Buku panduan itu diterbitkan Kementerian Pemberdayaan Perempuan dan Perlindungan Anak (Kementerian PPPA). Asisten Deputi Perlindungan Anak dari Kekerasan dan Eksploitasi Kementerian PPPA Valentina Ginting, Kamis (28/5/2020), di Jakarta, menyampaikan, gerakan Perlindungan Anak Terpadu Berbasis Masyarakat (PATBM) sudah digulirkan sejak 2016. Para kadernya berasal dari Posyandu, ketua rukun tetangga, rukun warga, dan kepala desa. Gerakan PATBM sangat strategis, apalagi di tengah situasi pembatasan sosial karena pandemi Covid-19.
”Karena kader PATBM berasal dari warga sendiri, itu memudahkan mereka bergerak ketika ada anak yang terpapar dampak pandemi. Para kader PATBM ini garda terdepan yang seharusnya bisa bergerak cepat membantu,” ujarnya.
Upaya pemberdayaan sosial, termasuk perlindungan hak anak, sampai ke tingkat desa diakui oleh negara. Valentina menyebut 70 persen dana desa bisa dipakai untuk pemberdayaan sosial.
Sampai saat ini terdapat 548 aktivis PATBM yang tersebar di 34 provinsi, 68 kabupaten/kota, dan 136 desa. Mereka telah tergabung sebagai sukarelawan pencegahan Covid-19 di tingkat desa ataupun kelurahan.
PATBM telah menyebar di 34 provinsi. Di antara para kadernya kini menjadi sukarelawan di Gugus Tugas Percepatan Penanganan Covid-19.
”Gerakan PATBM bukanlah hal baru. Di tengah pandemi Covid-19, kami mendorong para kadernya lebih berperan aktif menanggulangi dampak pandemi terutama terhadap tumbuh kembang anak,” katanya. Buku panduan itu dibuat agar memudahkan gerak kader membantu menurunkan risiko tumbuh kembang anak selama pandemi, utamanya risiko tertular Covid-19 dan kekerasan.
Dalam buku panduan, para kader dibekali protokol sampai arahan evaluasi pelaporan keberhasilan.
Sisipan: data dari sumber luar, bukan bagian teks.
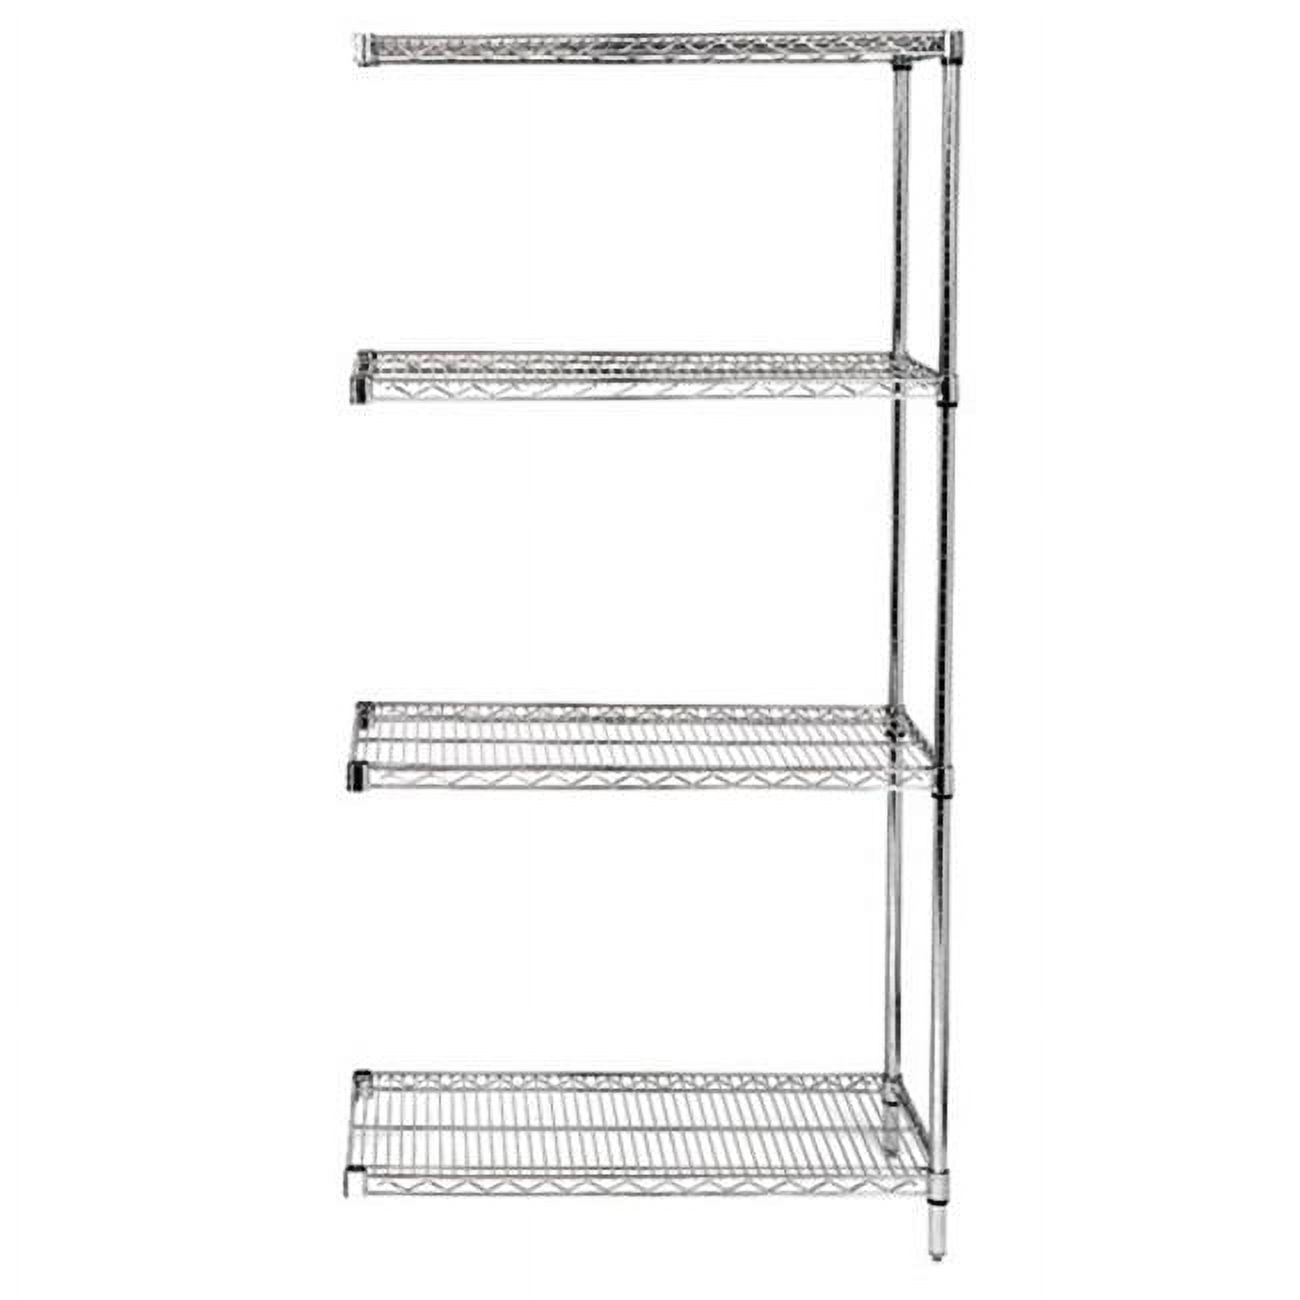 4-Shelf, Stainless Steel Wire Shelving Add-On Unit - 14 x 72 x 63 in. - image 1 of 1

Ada pula contoh-contoh kegiatan yang dapat diterapkan.
Berjejaring
Spesialis perlindungan anak di Wahana Visi Indonesia, Nelly Siswanty Sembiring, mengatakan, cara kerja PATBM harus berjejaring, seperti dengan puskesmas, lembaga swadaya masyarakat, dan Gugus Tugas Percepatan Penanganan Covid-19. Cara kerja seperti itu berarti menuntut kader PATBM menguasai segala pengetahuan terkait pencegahan sampai pelaporan kasus dan dampak Covid-19 terhadap anak.
”Mereka pun dituntut bisa mendeteksi dini kasus di lingkungannya,” katanya.
Fasilitator Nasional PATBM Antik Bintari menyampaikan, panduan PATBM dalam pandemi Covid-19 akan lebih memperjelas peran dan tugas aktivis, kader, dan sukarelawan PATBM. Buku panduan itu menyebutkan ada empat urutan tata laksana, yaitu pembuatan perencanaan kegiatan baik daring maupun luring, pendampingan setelah terima laporan, rujukan, dan pelaporan.
Untuk tahap rujukan, aktivis, kader, ataupun sukarelawan PATBM berdiskusi terlebih dahulu dengan tim Gugus Tugas Covid-19 ketika memperoleh kasus khusus. Sementara pelaporan bisa dikumpulkan secara harian, dipilah dari kasus anak di tingkat desa atau kelurahan.